### Directions
Only the lines from the one containing "Mario Monti sfida" through the final line below belong in the output, copied exactly and without pictures.

____ Provided material

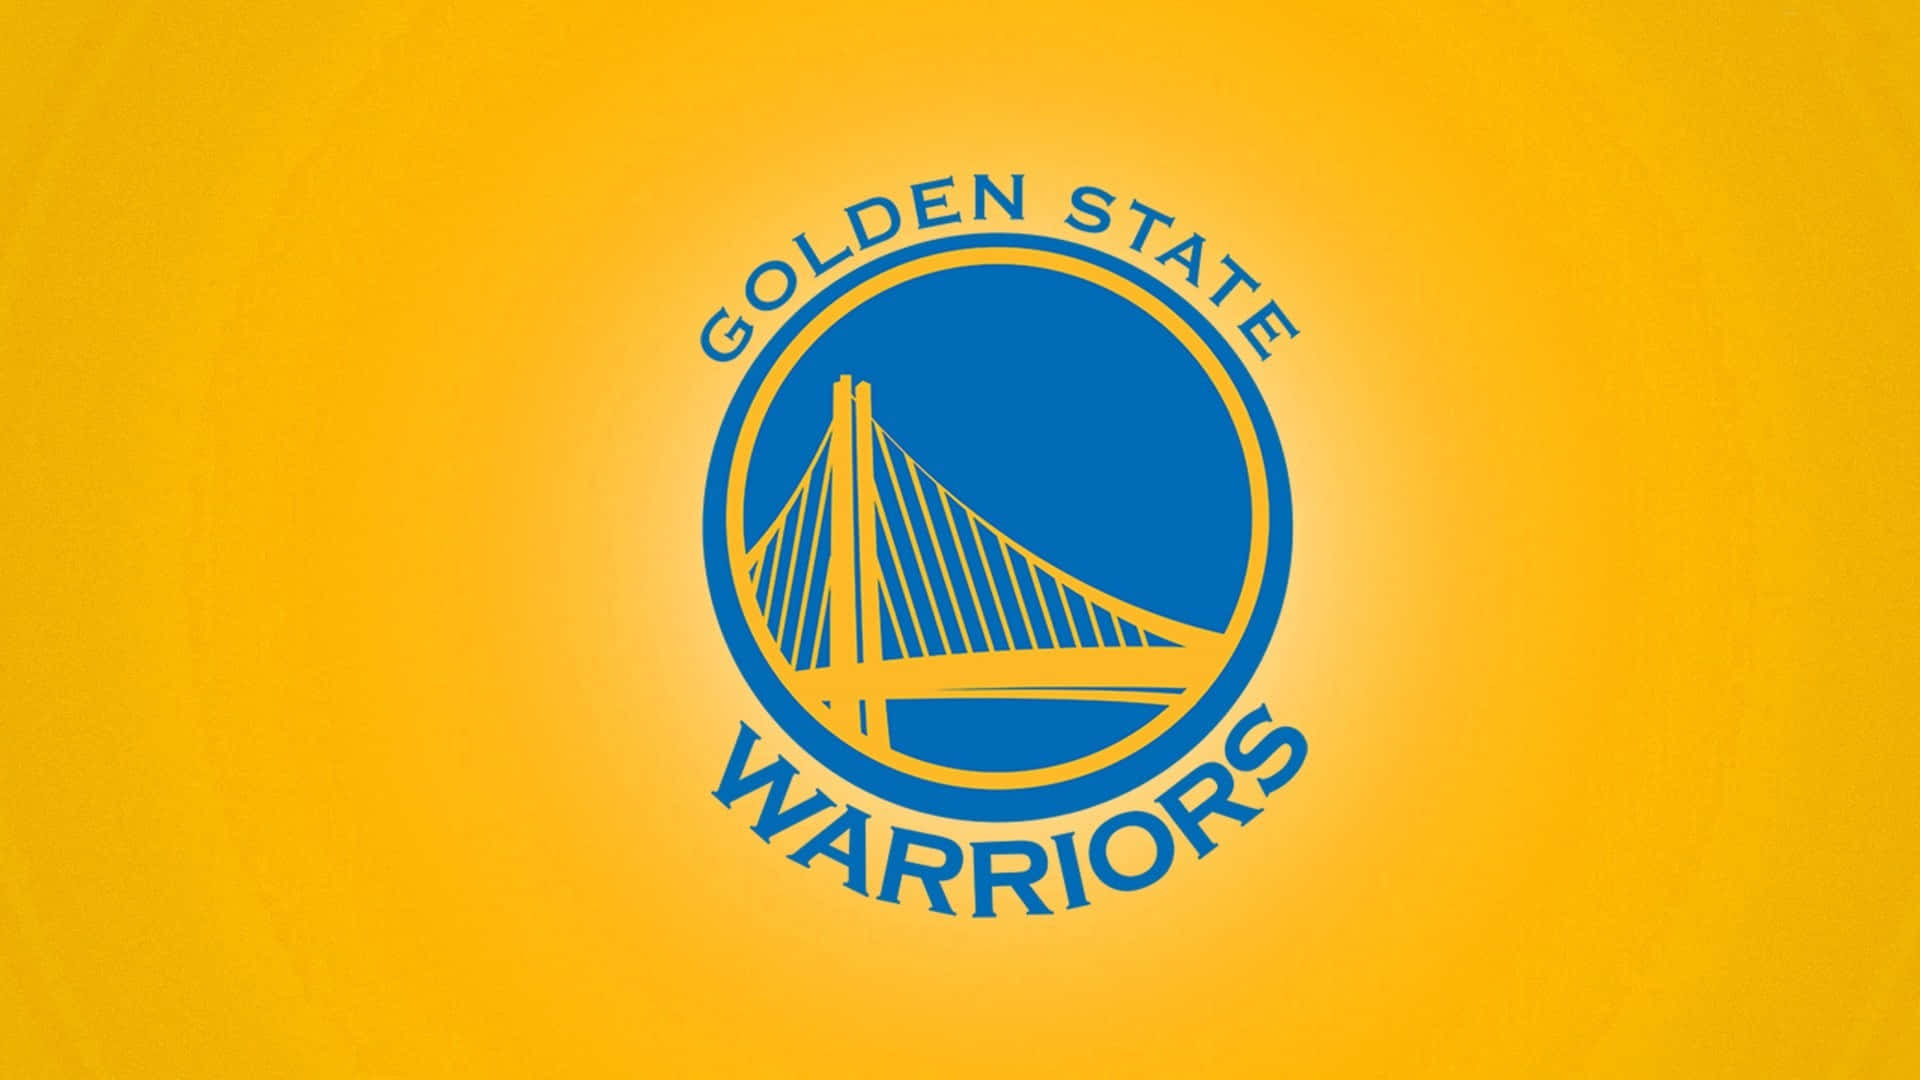 Visaditt Stöd För Golden State Warriors Med Deras Officiella Logotyp På Din Dator- Eller Mobilskärms Bakgrundsbild. Wallpaper
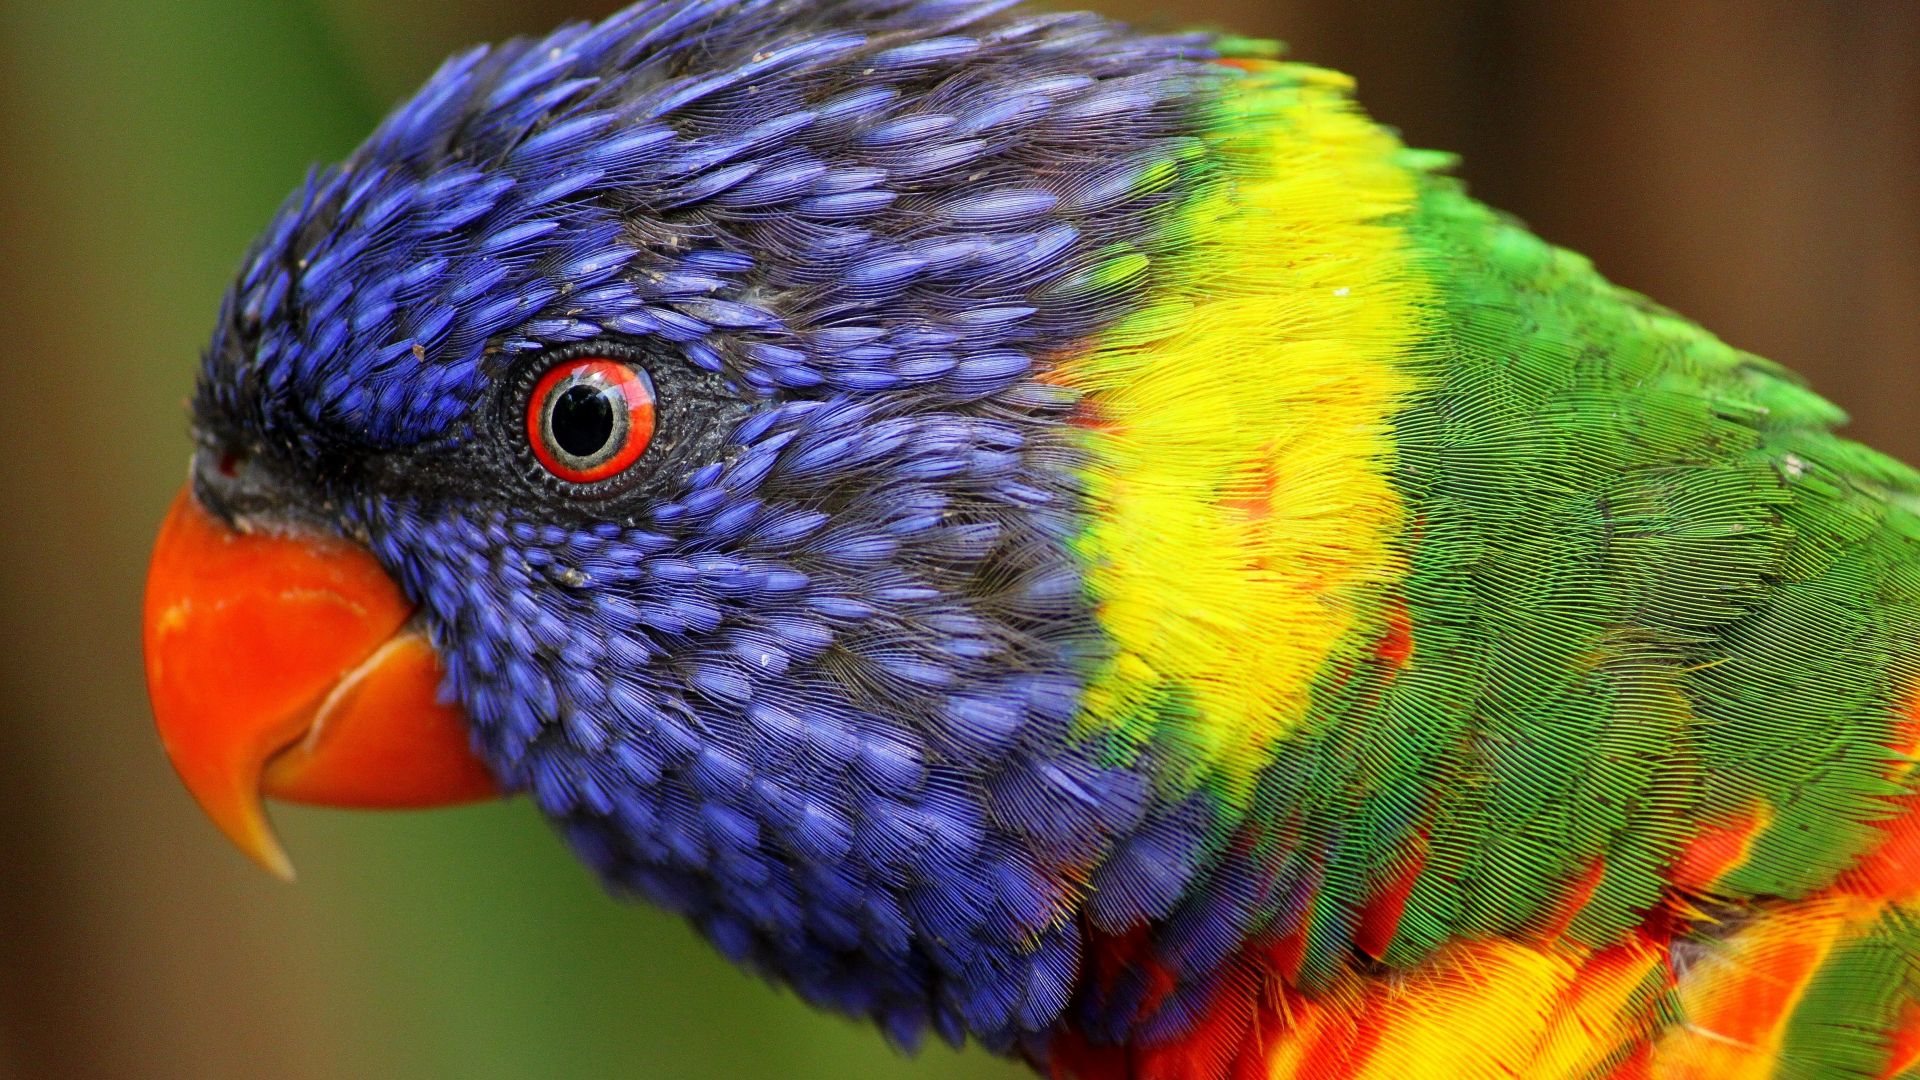 радужный попугай, экзотические птицы, rainbow parrot, beautiful, colorful animals, exotic birds (horizontal)
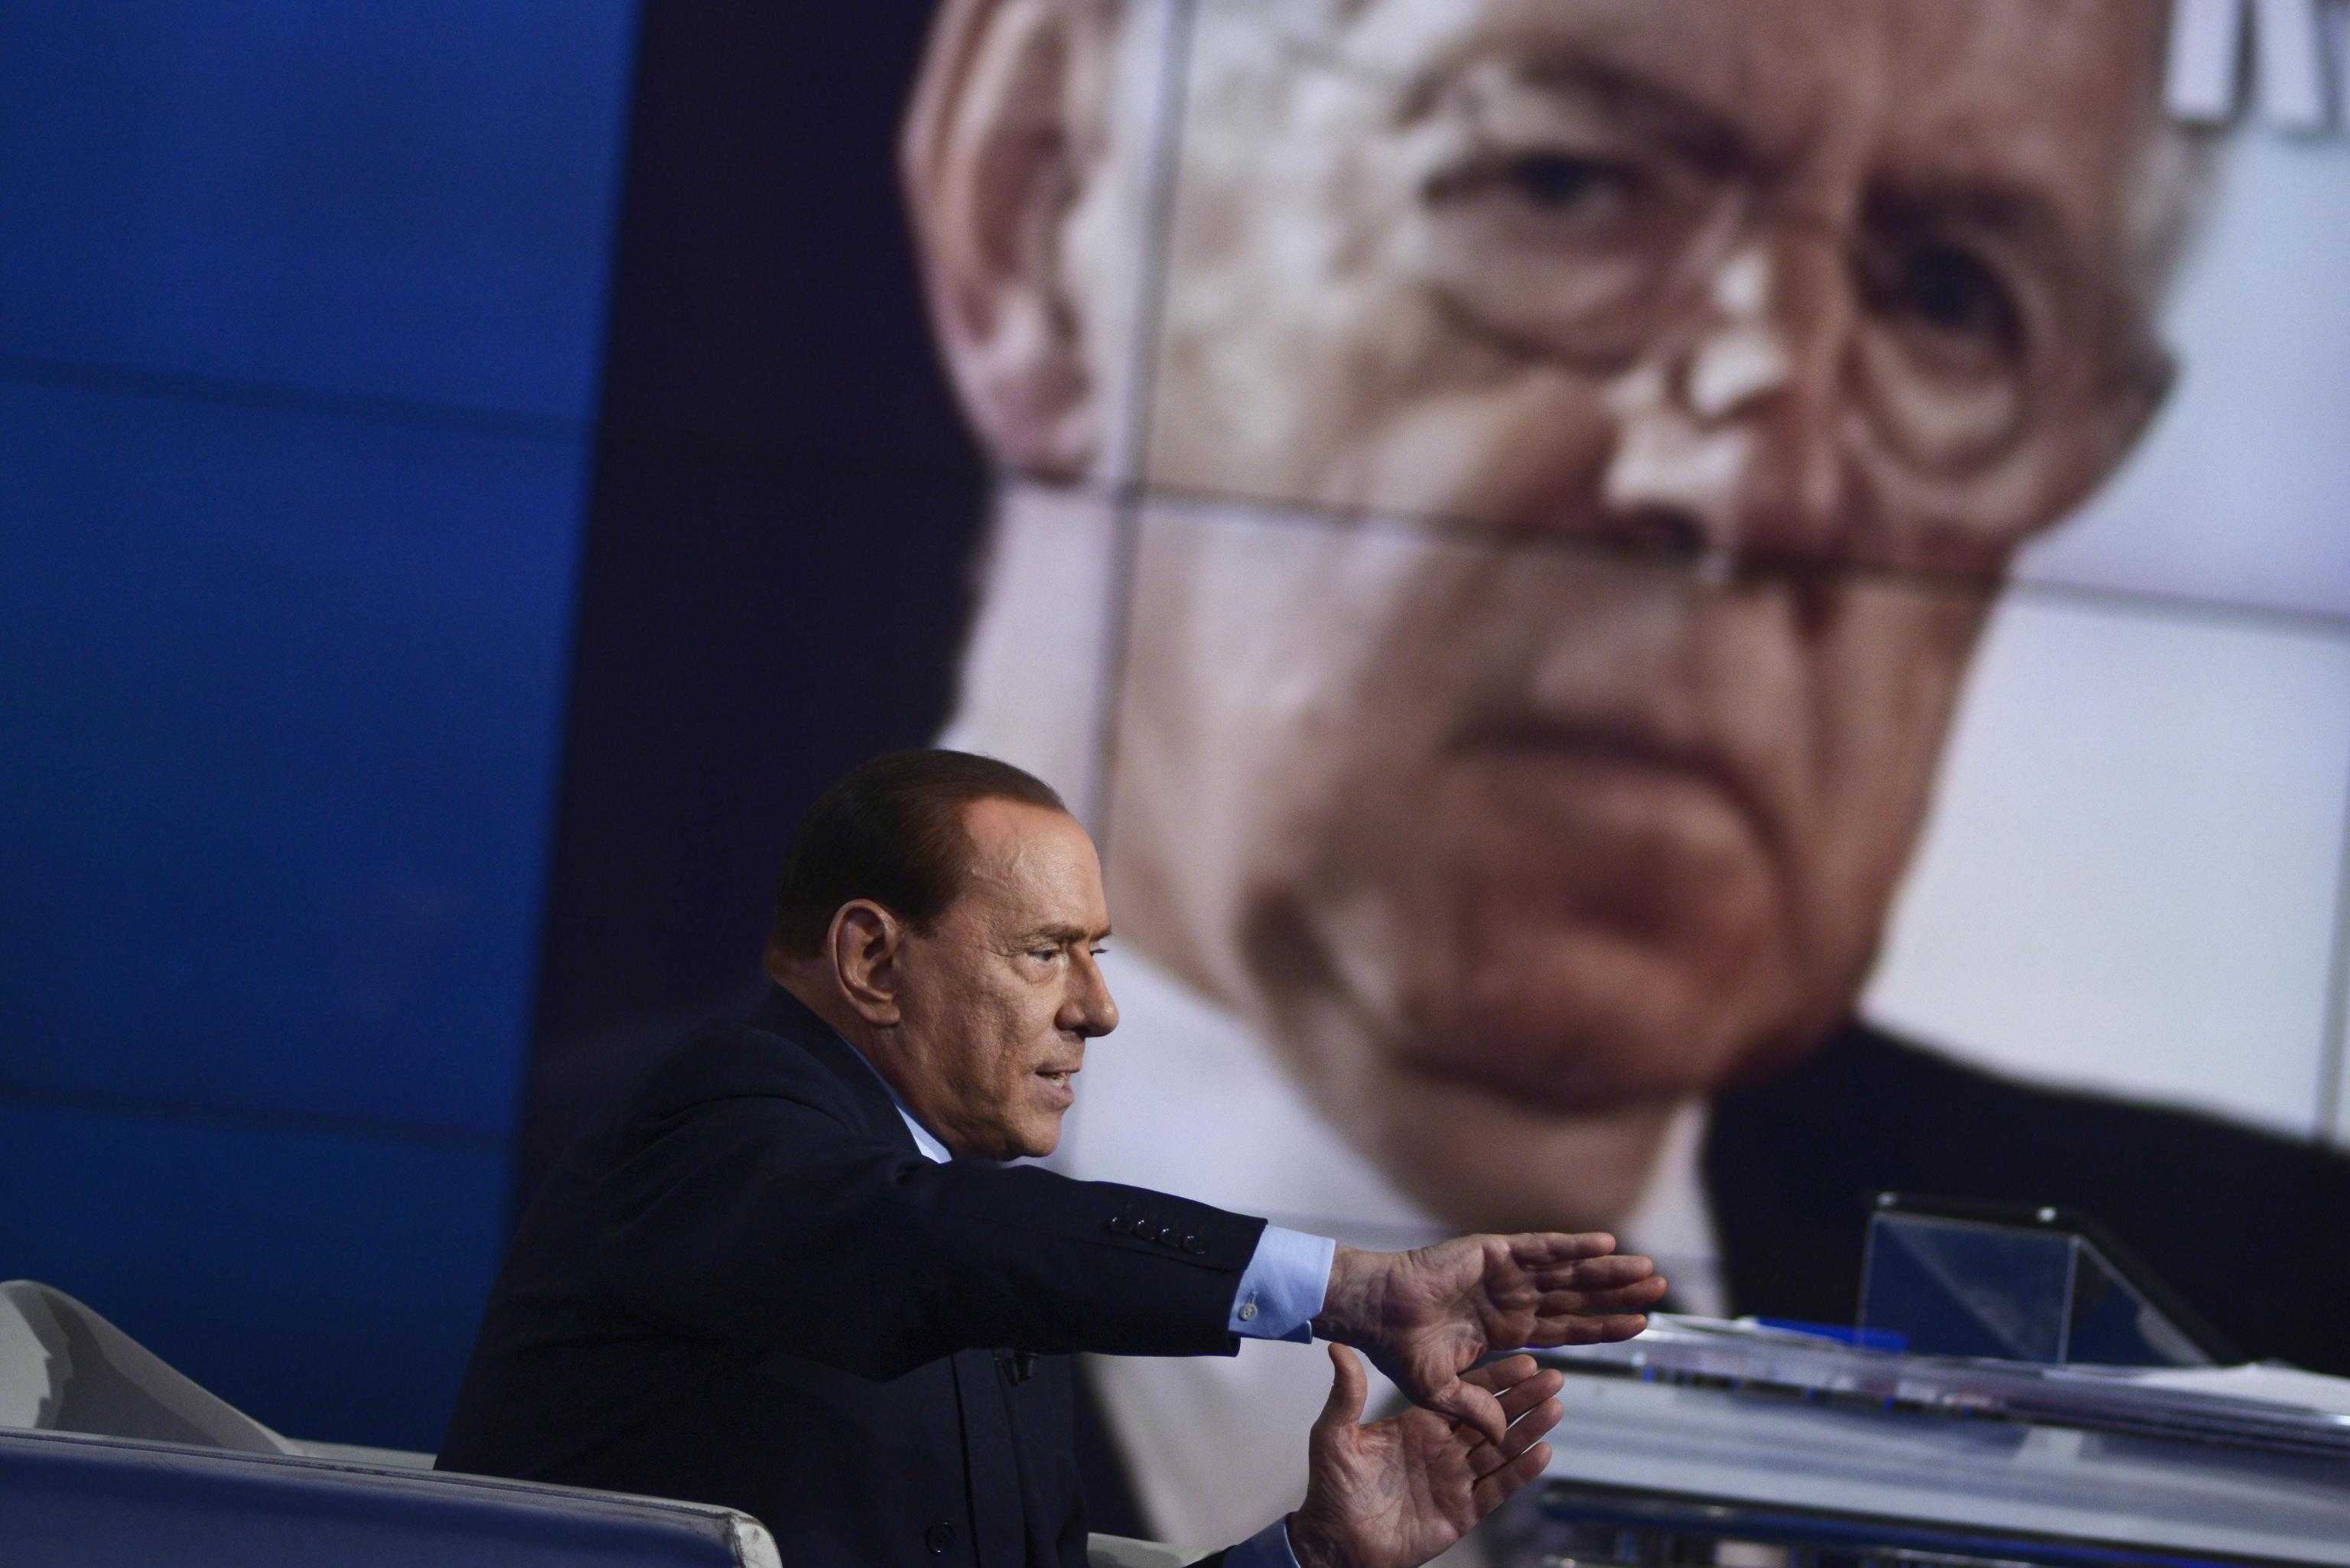 Mario Monti sfida Berlusconi in tv: "Il solito incantatore di serpenti"
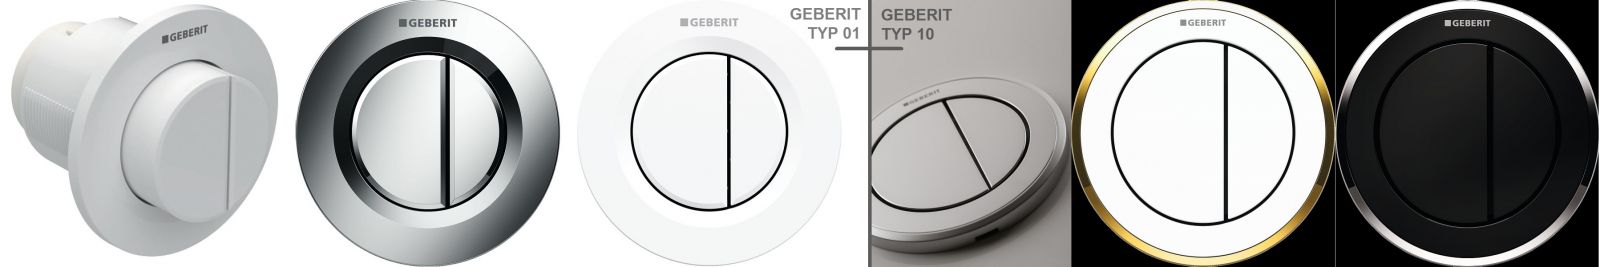 Geberit Typ 01 (LEWA STRONA ZDJĘCIA), przycisk podtynkowy, wersja płaska i wypukła: wersja płaska ma szeroką rozetkę i delikatnie zagłębione przyciski, dostępne kolory to biały-alpin oraz chrom błyszczący i matowy; przycisk wypukły jest biały. Geberit Typ 10 (prawa strona zdjęcia) ma wąską rozetkę i przyciski zlicowane, a z zewnątrz ozdobny pierścień – dostępne są różne kombinacje kolorystyczne (fot. GEBERIT)

________

### Exercise result
 Mario Monti sfida Berlusconi in tv: "Il solito incantatore di serpenti"
 Geberit Typ 01 (LEWA STRONA ZDJĘCIA), przycisk podtynkowy, wersja płaska i wypukła: wersja płaska ma szeroką rozetkę i delikatnie zagłębione przyciski, dostępne kolory to biały-alpin oraz chrom błyszczący i matowy; przycisk wypukły jest biały. Geberit Typ 10 (prawa strona zdjęcia) ma wąską rozetkę i przyciski zlicowane, a z zewnątrz ozdobny pierścień – dostępne są różne kombinacje kolorystyczne (fot. GEBERIT)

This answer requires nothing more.